State v. Laundy

204 P. 958, 103 Or. 443, 1922 Ore. LEXIS 164
CourtOregon Supreme Court
DecidedApril 11, 1922
StatusPublished
Cited by154 cases

This text of 204 P. 958 (State v. Laundy) is published on Counsel Stack Legal Research, covering Oregon Supreme Court primary law. Counsel Stack provides free access to over 12 million legal documents including statutes, case law, regulations, and constitutions.

Bluebook
State v. Laundy, 204 P. 958, 103 Or. 443, 1922 Ore. LEXIS 164 (Or. 1922).

Opinions

HARRIS, J.

1. It is contended that the title of Chapter 12, Laws 1919, is not broad enough to cover those provisions of the act which prohibit organizing, helping to organize, and becoming a member of a society of the character denounced. This contention of the defendant cannot be sustained. Our Constitution, Article IV, Section 20, commands that:

“Every act shall embrace but one subject, and matters properly connected therewith, which subject shall be expressed in the title.”

[455]*455This provision of the Constitution was designed to do away with certain abuses, among which was the practice of inserting in one bill two or more unrelated provisions so that those favoring one provision could be compelled, in order to secure its adoption, to combine with those favoring another provision, when neither, if standing alone, could succeed on its own merits. Another abuse was the practice of concealing from the members of the legislature the true nature of the proposed law by giving it a false and misleading title, and the prevention of this abuse is another object of the Constitution. Although Article IV, Section 20, is mandatory, yet the Constitution must be reasonably and liberally construed to sustain legislation not within the mischief aimed against.
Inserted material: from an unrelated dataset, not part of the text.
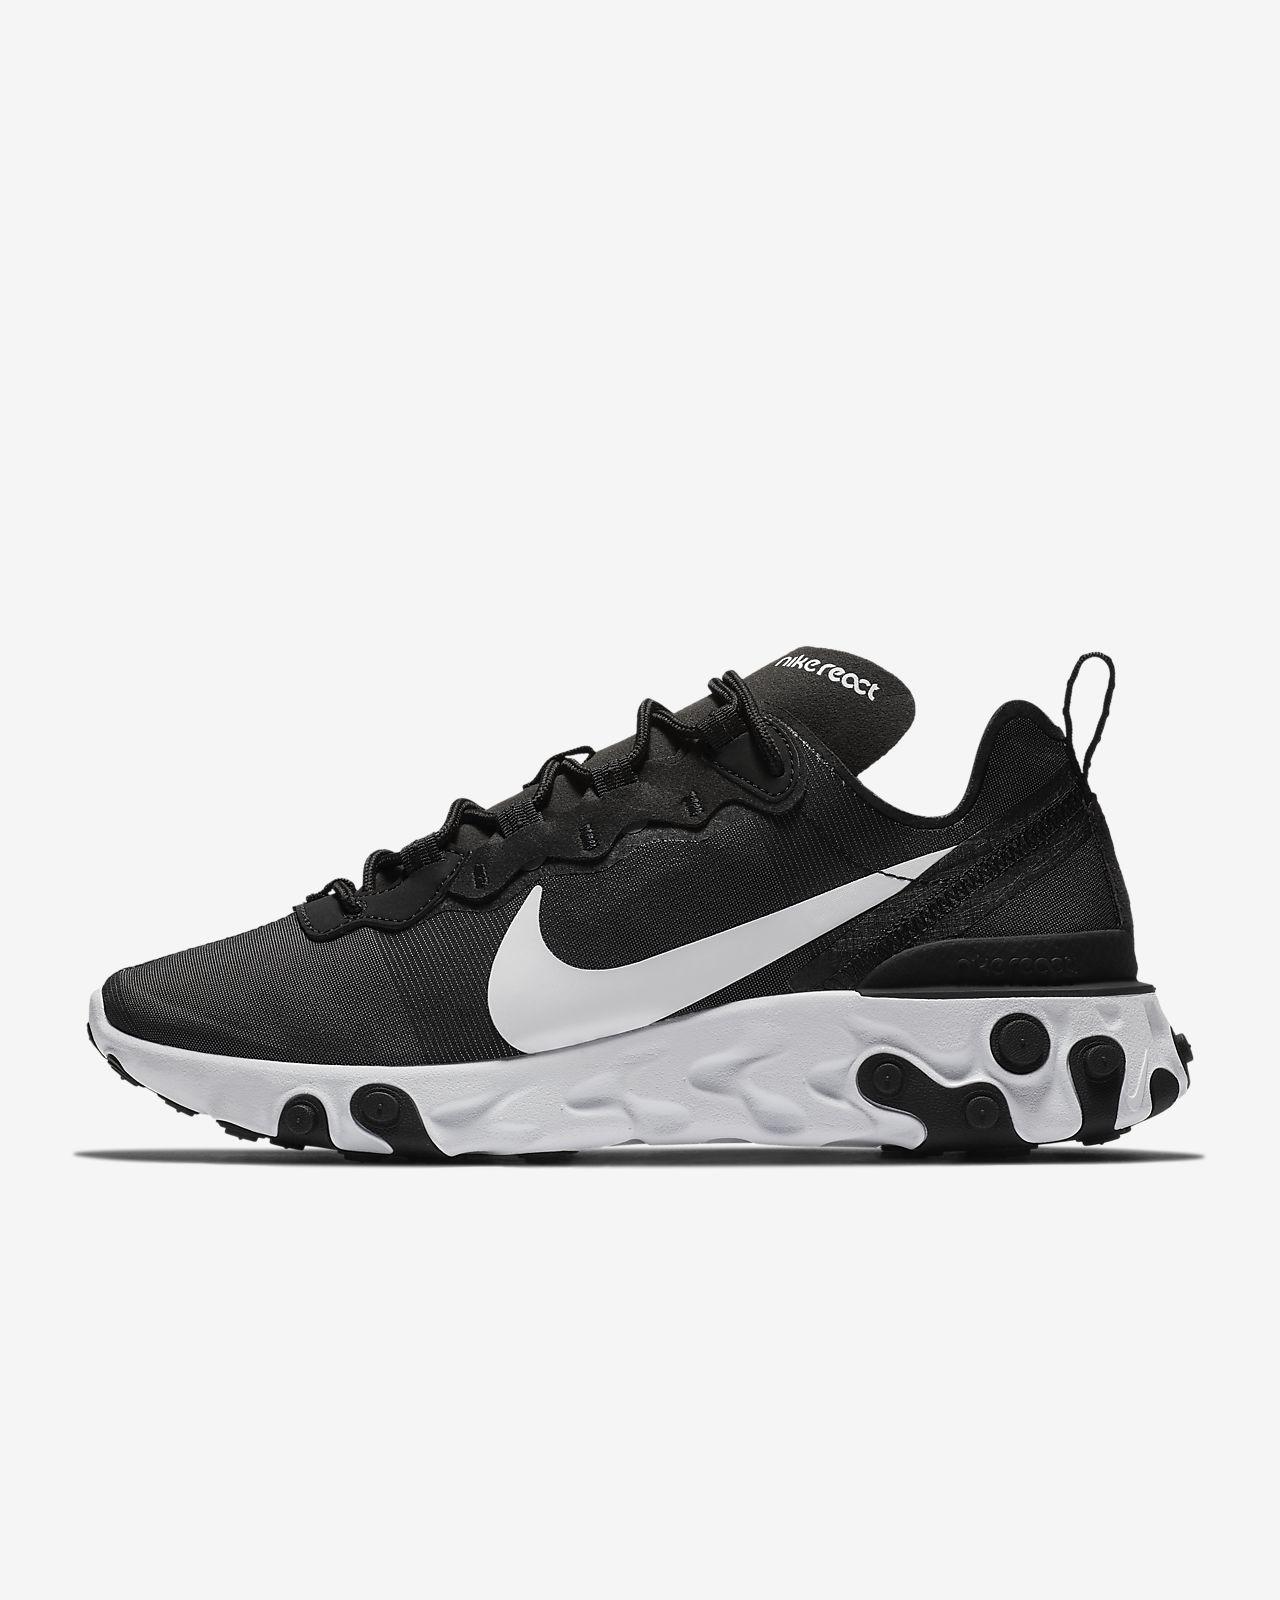 new arrival 2310d 86a25 ... Nike React Element 55 Kadın Ayakkabısı
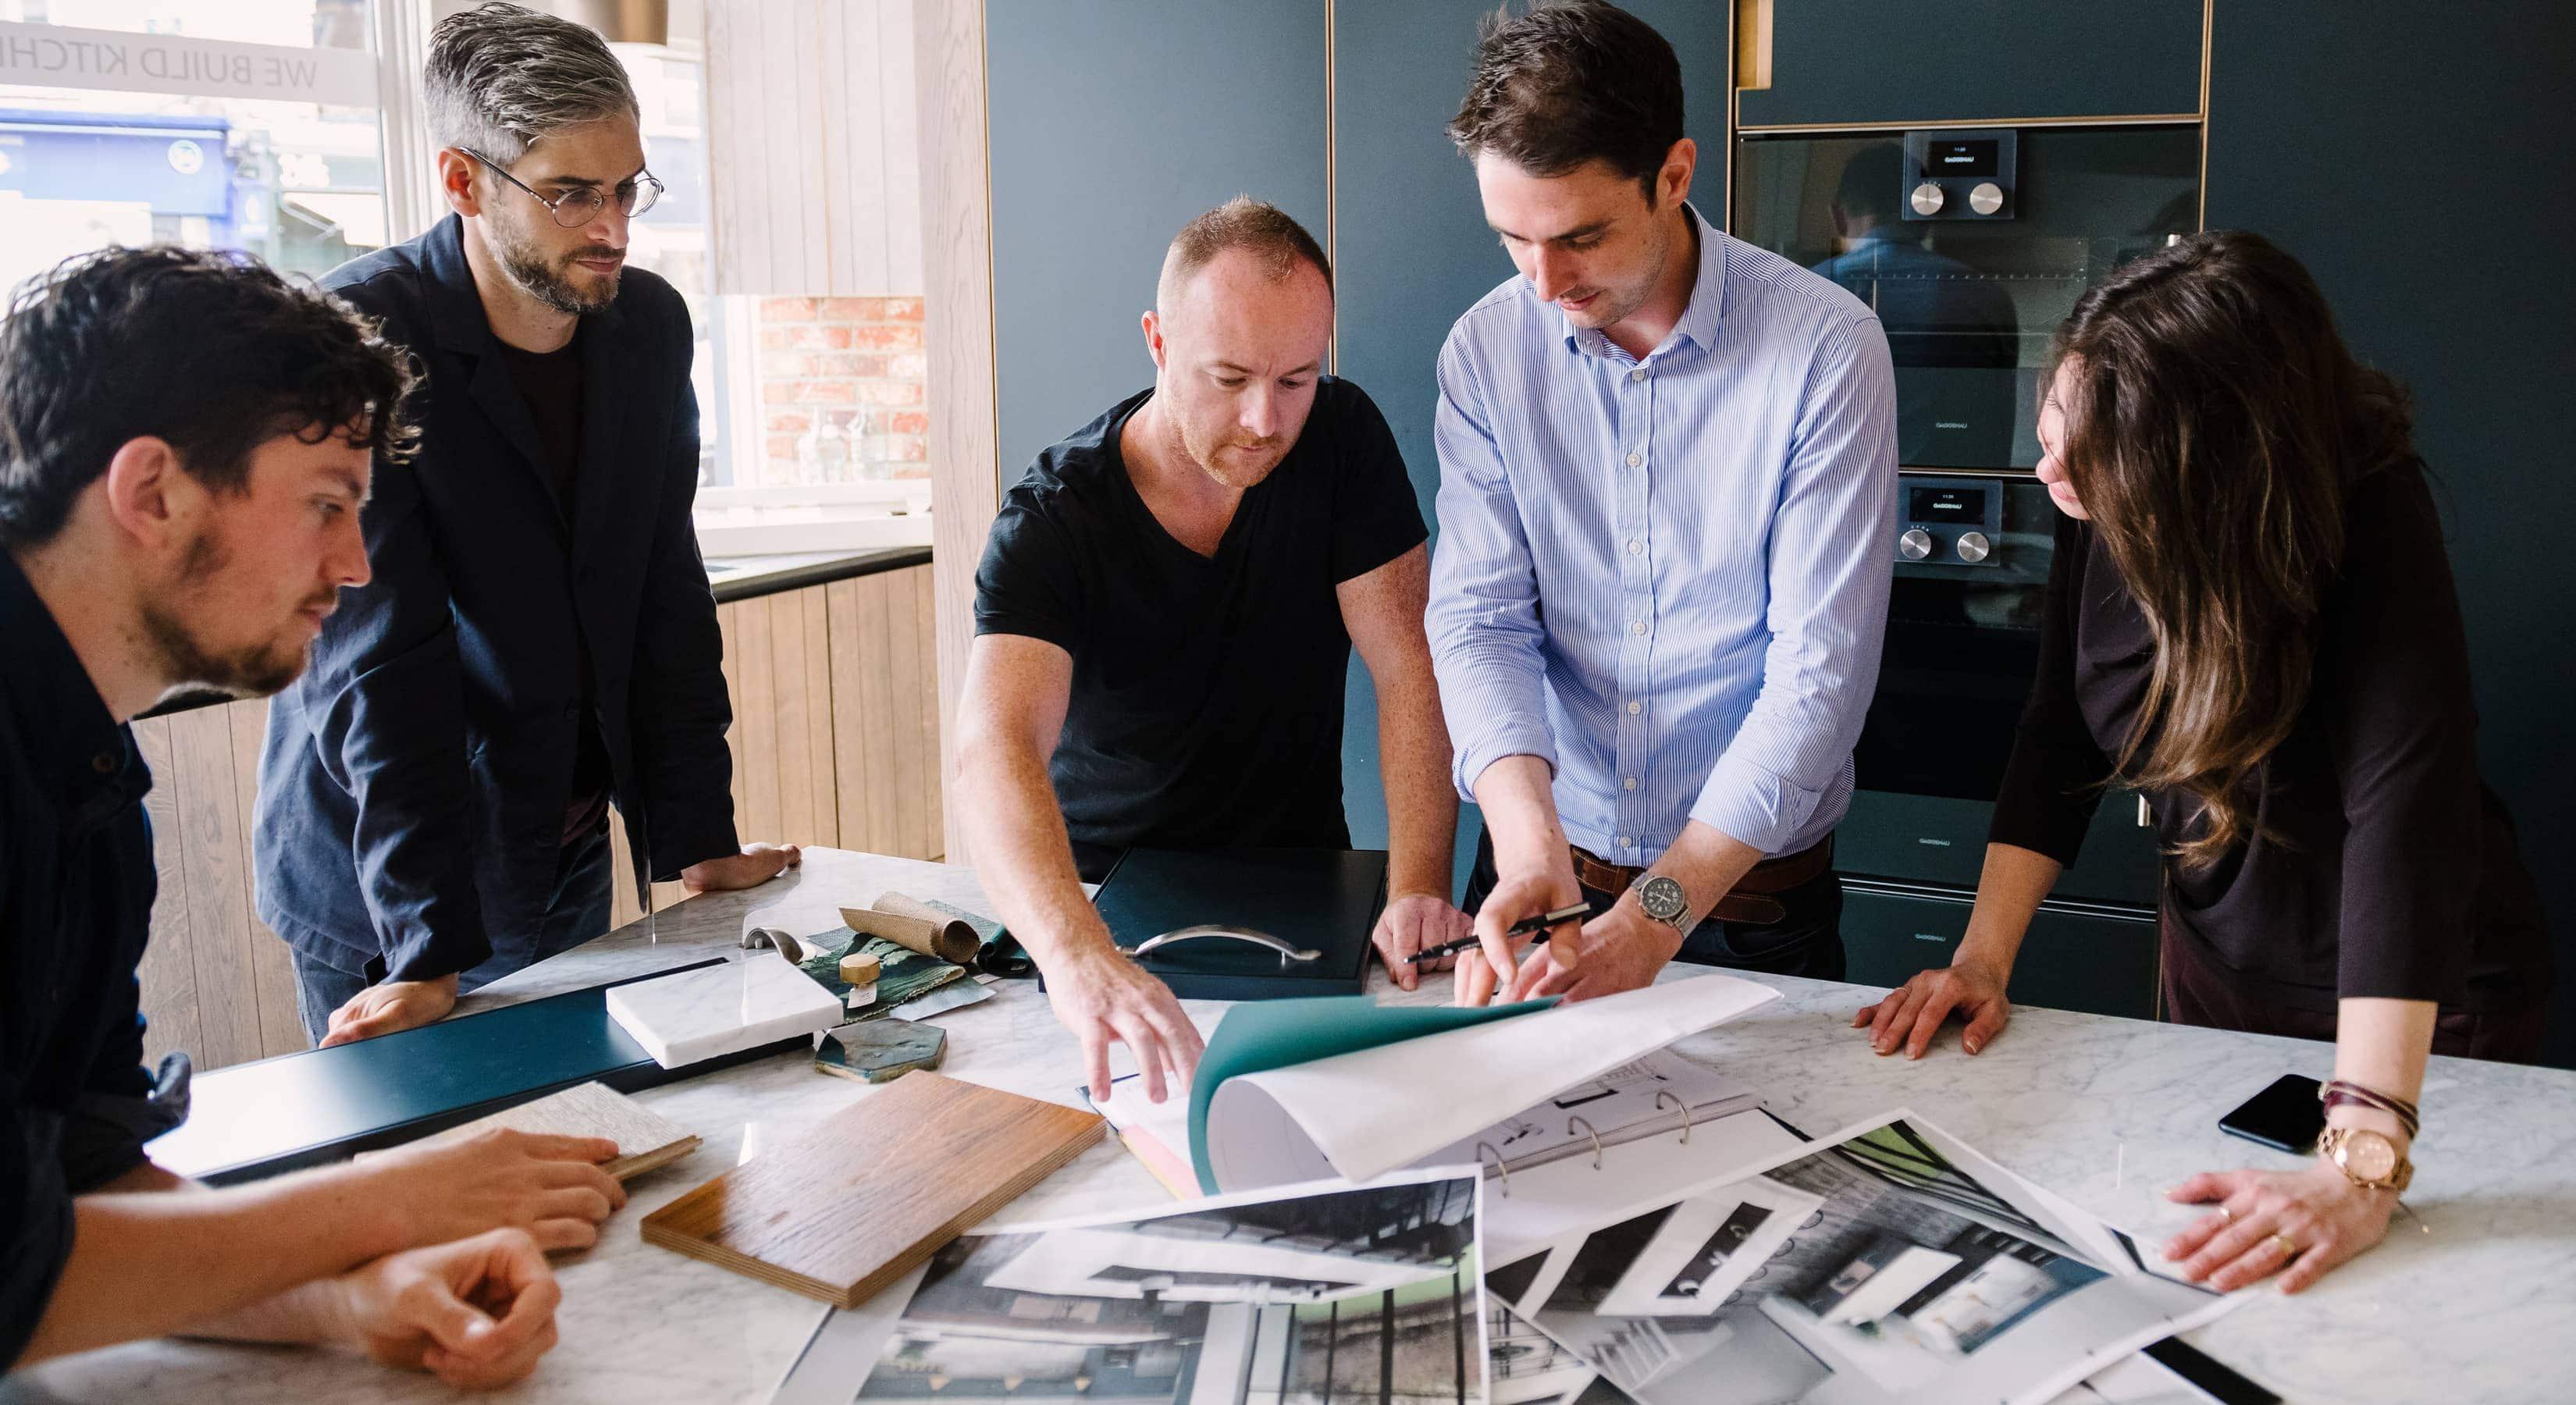 Team choosing materials for a kitchen design

2. The language of the Constitution is, “which subject shall be expressed in the title,” and hence it is the “subject” of the act, and not “matters properly connected therewith” which must be expressed in the title. The subject of the law is the matter to which the measure relates and with which it deals. The term “subject” is to be given a broad and extensive meaning so as to allow the legislature full scope to include in one act all matters having a logical or" natural connection. The word “subject” includes the chief thing to which the statute relates, and the words “matters properly connected therewith” include every matter germane to and having a natural connection with the general subject of the act; or as expressed in State v. Shaw, 22 Or. 289 (29 Pac. 1028):

“If all the provisions of the law relate directly or indirectly to the same subject, are naturally connected, and are not foreign to the subject expressed in the title, they will not be held unconstitutional.”

[456]*4563. The office of the title is to advise the members of the legislature of the subject of the proposed legislation, but the details must be found in the body of the measure. If the subject of the enactment is so expressed in the title as to give reasonable notice of the contents of the law, it is sufficient: Lovejoy v. Portland, 95 Or. 459, 465 (188 Pac. 207).

4. The chief thing to which the statute relates is the advocacy and teaching and affirmative suggestion of crime, physical violence or the commission of unlawful acts as the means to accomplish industrial or political ends, change or revolution, or for profit; the object of the statute is to prohibit and prevent the advocacy and teaching and affirmative suggestion of such acts: State v. Moilen, 140 Minn. 112, 114 (167 N. W. 345, 1 A. L. R. 333); People v. Malley (Cal. App.), 194 Pac. 48, 50. In express terms the title declares that the object of the act is to prohibit “the advocacy, teaching or affirmative suggestion” of criminal syndicalism and sabotage as defined in the act. The next clause, or simple sentence, appearing in the title is a repetition of the one preceding it, for it declares in express terms that the object of the act is to prohibit “the advocacy, teaching or affirmative suggestion of crime, physical violence, or the commission of any unlawful act or thing as a means to accomplish industrial or political ends, change or revolution, or for profit”; and the succeeding clause in express terms asserts that the act prohibits “assemblages for the purpose of such advocacy, teachings or suggestions.” To prohibit the organizing of, or the helping to organize or the assembling with a society which teaches the • acts constituting criminal syndicalism or sabotage is a means which may tend directly or indirectly to accomplish the object of pre[457]*457venting the advocacy, teaching or affirmative suggestion of criminal syndicalism and sabotage: Lovejoy v. Portland, 95 Or. 459, 467 (188 Pac. 207). That portion of the statute which makes it unlawful to help to organize or to become a member of or voluntarily to assemble with a denounced society or assemblage embraces matters which are at least “matters properly connected” with the subject. That part of the body of the act now under examination is clearly not broader than the title of the act.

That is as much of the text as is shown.